WASHINGTON, D.C. – The federal Recovery Auditor (RAC) program might not be broken, but it isn’t working entirely as intended, according to testimony delivered late last month during a U.S. Senate Finance Committee hearing.
Far more needs to be done in terms of “striking the right balance between conducting appropriate program integrity oversight of the Medicare program and ensuring there’s not an undue administrative burden on healthcare providers,” in the words of U.S. Sen. Orrin Hatch, R-Utah, a ranking committee member and one of two senators who presided over the hearing (the other was committee chairman and Sen. Max Baucus, D-Mont. ).
“We’ve got to find a way of getting healthcare so that the government can live with it and the people who give healthcare can live with it,” Hatch said in a brief summation. “We don’t need to have doctors second-guessed on everything that they do, especially when they have good results. I’m very concerned about it.”
Witnesses delivering testimony during the hearing were two healthcare professionals from the senators’ home states – Suzie Draper, vice president of business ethics and compliance at Intermountain Healthcare in Salt Lake City, and J.J. Carmody, director of reimbursement at the Billings Clinic in Billings, Mont. – plus Robert Rolf, vice president of CGI, the Medicare RAC for Region B.

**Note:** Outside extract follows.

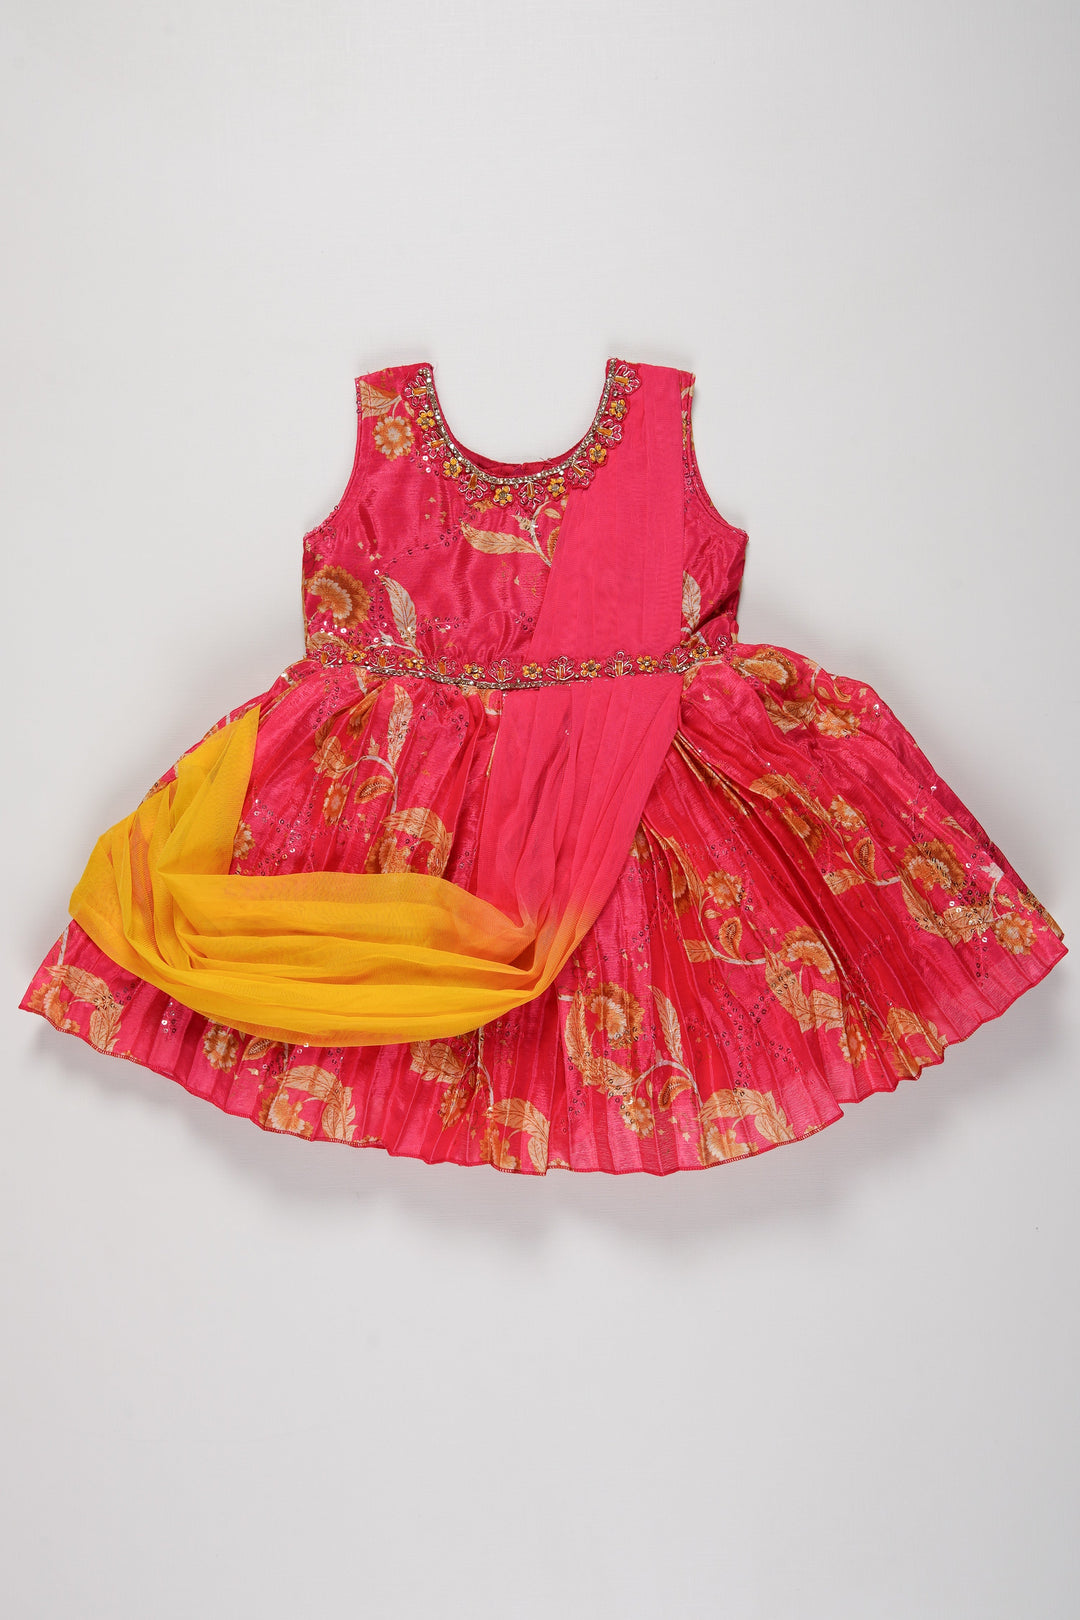 The Nesavu Silk Party Frock Girls Vibrant Pink and Yellow Silk Frock with Floral Embroidery Nesavu 18 (2Y) / Pink / Chinnon SF766A-18 Buy Girls Pink Floral Silk Frock Online | Vibrant Party Wear for Girls | The Nesavu

A pivotal moment came when Hatch asked all three witnesses what could be done, both by Congress and the Centers for Medicare & Medicaid Services (CMS), in order to improve the ways in which the RACs conduct their business of auditing providers and reclaiming overpayments.
“It is very difficult for us to even tell why the records are being requested (by RACs),” Carmody said, noting that “more of a clear effort to tell us what they are looking at when they send the (record request) letters … would be very helpful.”
Carmody even suggested that federal officials examine the possibility of eliminating the “observation status” tag from the federal healthcare lexicon, though she admitted, “that’s a big one” in the way of proposed changes. Rolf, noting that CGI participates in monthly informational sessions with its providers, simply said that “transparency, education and communication” between CMS, RACs and provider groups must become and remain a top priority.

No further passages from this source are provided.